On observe que les responsables des achats au sein des entreprises tendent à avoir le maximum de fournisseurs, en provenance de régions différentes, afin de réduire les risques. Mais souvent, ces acheteurs disent qu’ils sont trop petits pour se permettre d’avoir plusieurs fournisseurs, ils doivent se contenter d’un seul. C’est sûr que si un fournisseur suisse ou européen de semi-conducteurs devait émerger, cela intéresserait beaucoup de marques automobiles, car on réduit les risques de pénurie.

La Suisse et l’Europe peuvent-elles être compétitives dans ce secteur?

Oui. Ce sont certes des usines très chères, mais elles sont très automatisées. Le coût de la main-d’œuvre n’est pas énorme. A cela s’ajoute que les salaires en Chine ont quasiment doublé au cours des 10 années précédentes. Le plus grand problème est plutôt que tous les plus grands clients de semi-conducteurs sont en Asie, donc plus proches. Mais l’Europe a des fabricants d’équipements qui sont capables de fournir les machines nécessaires, et qui sont même leaders mondiaux.

N’est-on pas trop dépendant des pays asiatiques, peut-on revenir en arrière?

Oui, aussi parce que ces pays asiatiques achètent des équipements en Europe et en Suisse. Il y a tout un savoir-faire qui est sur le Vieux Continent.

N’y a-t-il pas aussi un enjeu géopolitique?

Oui et non. D’un côté, ce sont des produits essentiels et importants. Mais, de l’autre, ils deviennent des produits de base. Pendant 40 ans, on assistait tous les 18 mois à un doublement du nombre de transistors par puce électronique et de la vitesse de calcul. Mais le niveau de miniaturisation est tel que les performances des puces se sont tassées depuis 2018. Du coup, les semi-conducteurs ne sont plus un produit de haute technologie, mais un produit de base, que tout le monde peut faire. Cela devient, en revanche, un enjeu géopolitique pour le développement de l’intelligence artificielle, car on a besoin de ces semi-conducteurs pour cela. 

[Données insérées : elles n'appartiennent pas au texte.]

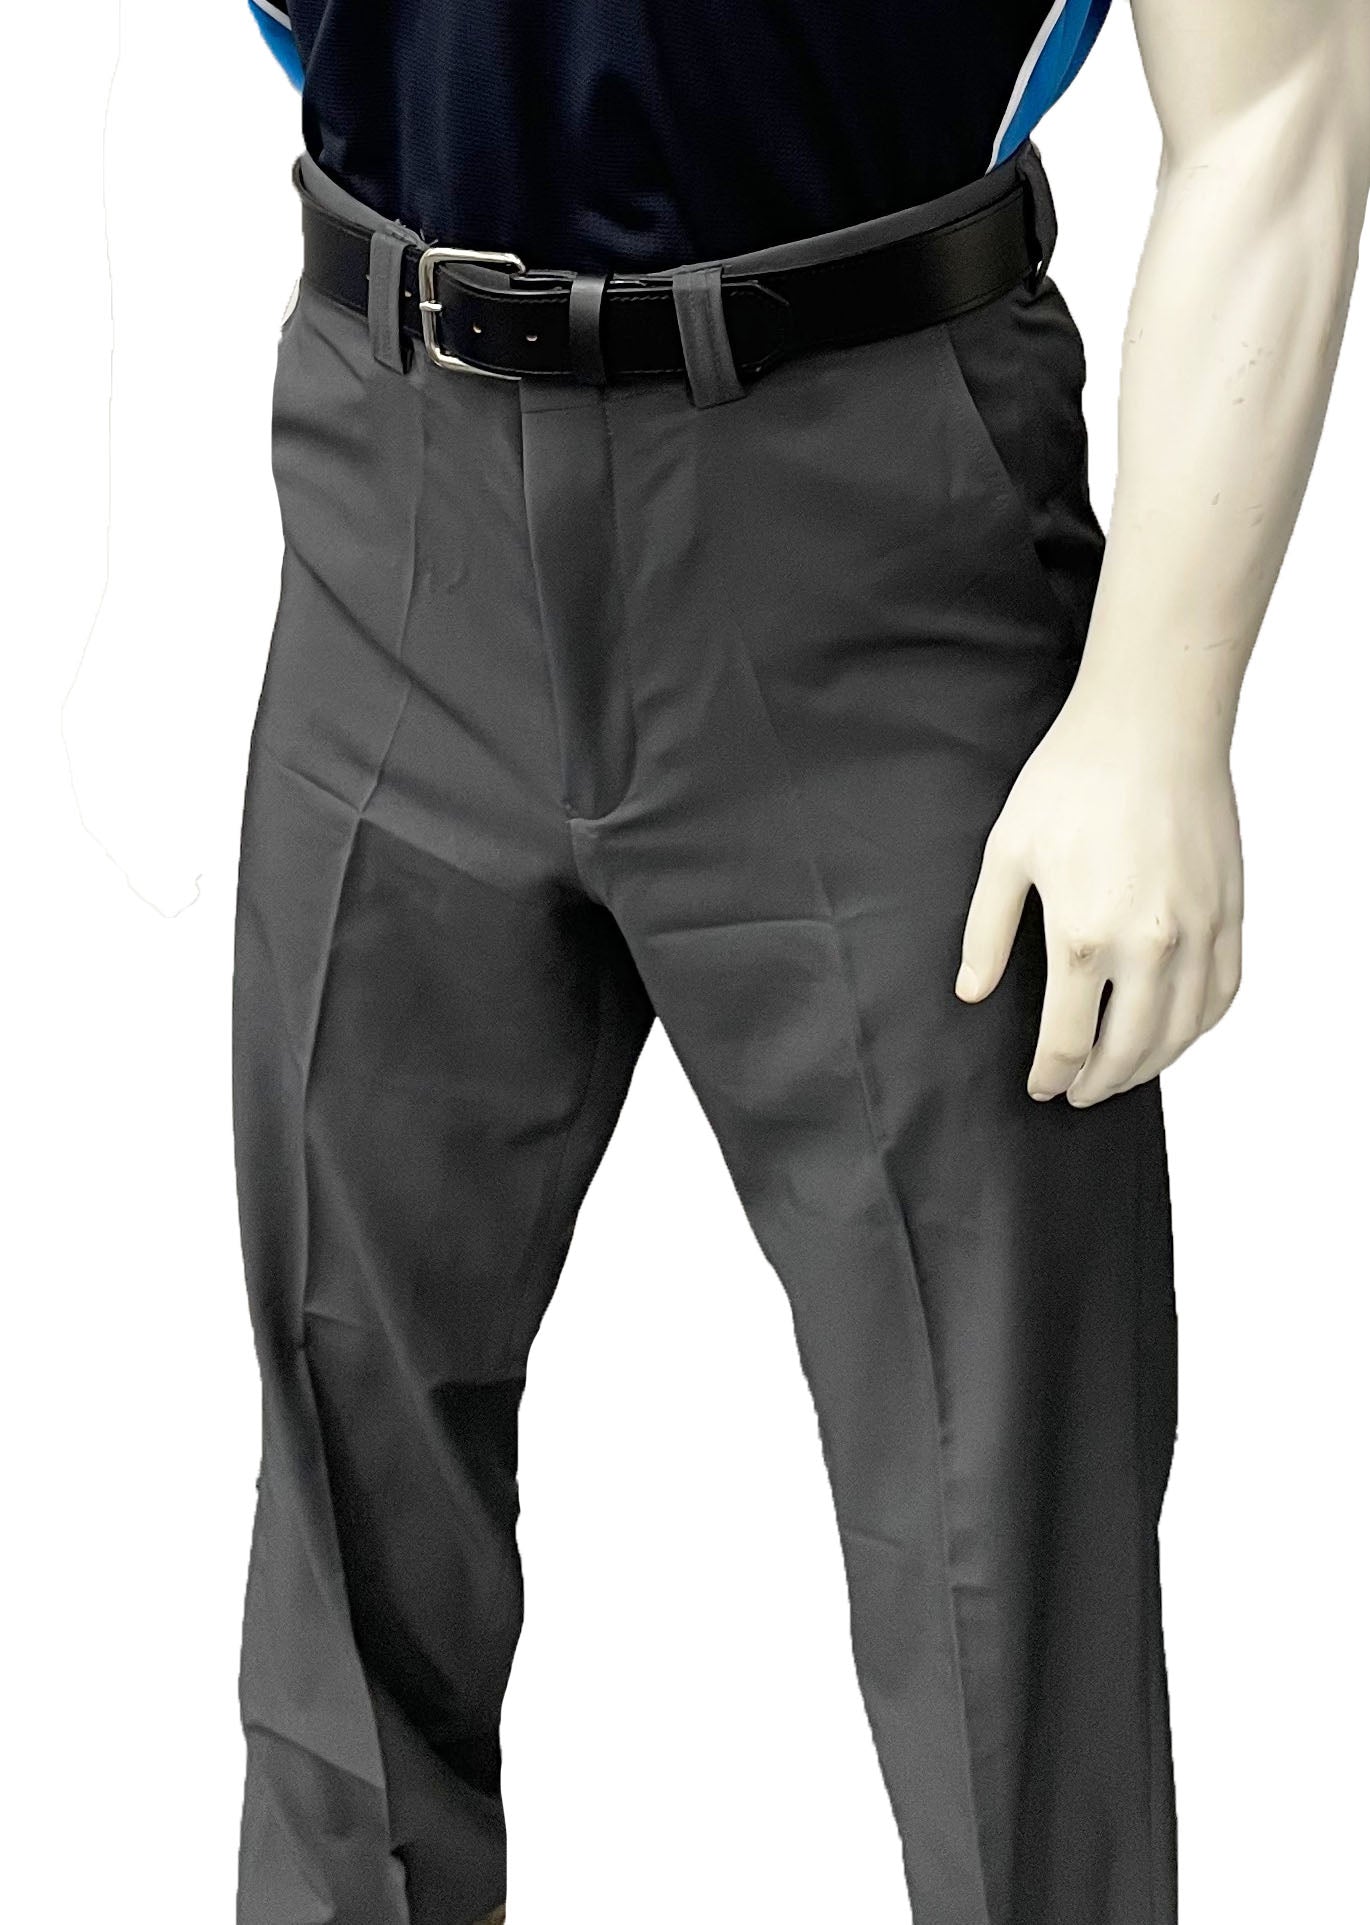 BBS357CH- "NEW" Men's Smitty "4-Way Stretch" FLAT FRONT COMBO PANTS with SLASH POCKETS "EXPANDER WAISTBAND"- Charcoal Grey

La crise du coronavirus a-t-elle inversé la course à la mondialisation?

Je dirais que cette tendance existait avant l’éclosion de la pandémie, notamment avec l’administration Trump. Il y avait des doutes, et le coronavirus a accéléré le mouvement, notamment dans le domaine des produits médicaux. On s’est rendu compte que la logique des économies d’échelle et du «moins cher» a restreint la production de certains produits à un seul pays et à une seule compagnie! On a réalisé que la mondialisation a permis la baisse des coûts grâce à l’augmentation de la production, mais cela augmente les facteurs de risque, comme en cas de pandémie. La crise des semi-conducteurs s’explique aussi par la volatilité du marché, des consommateurs et des industriels, qui ne voulaient pas s’engager en achetant de grandes quantités de semi-conducteurs alors que les usines étaient à l’arrêt. On était habitués à un marché stable, et la pandémie a fait exploser la demande de semi-conducteurs pour les appareils électroniques. Toutes les compagnies sont en train de remettre la mondialisation en question, non pas dans le sens où on ne veut plus se fournir à l’étranger, mais on veut avoir des fournisseurs supplémentaires, plus locaux.

A quelle échelle va-t-on relocaliser?

Je ne pense pas que ça sera à l’échelle d’un pays, mais plutôt d’un continent: les clients européens chercheront davantage de fournisseurs dans l’UE. A l’échelle d’un pays, cela ne vaut pas la peine. Et, puisque la différence des coûts de production ne sont pas énormes entre les pays, il y a un coup à jouer pour la Suisse. La Suisse a une industrie de micromécanique en place et une main-d’œuvre hautement qualifiée. Et c’est un pays très stable.

A quel type de conséquences vous attendez-vous ces prochaines années?

Des fournisseurs chinois vont probablement installer des usines en Europe. Et, puisque c’est un secteur qui évolue très vite, on peut voir l’émergence de nouveaux acteurs, d’une nouvelle technologie. Nous avons beaucoup d’expertise en Europe pour faire cette transformation et nous imposer comme les nouveaux leaders.

Carlos Cordon est professeur à l’IMD de Lausanne depuis 1993. Ses domaines de spécialisation sont les chaînes d’approvisionnement numériques et la stratégie.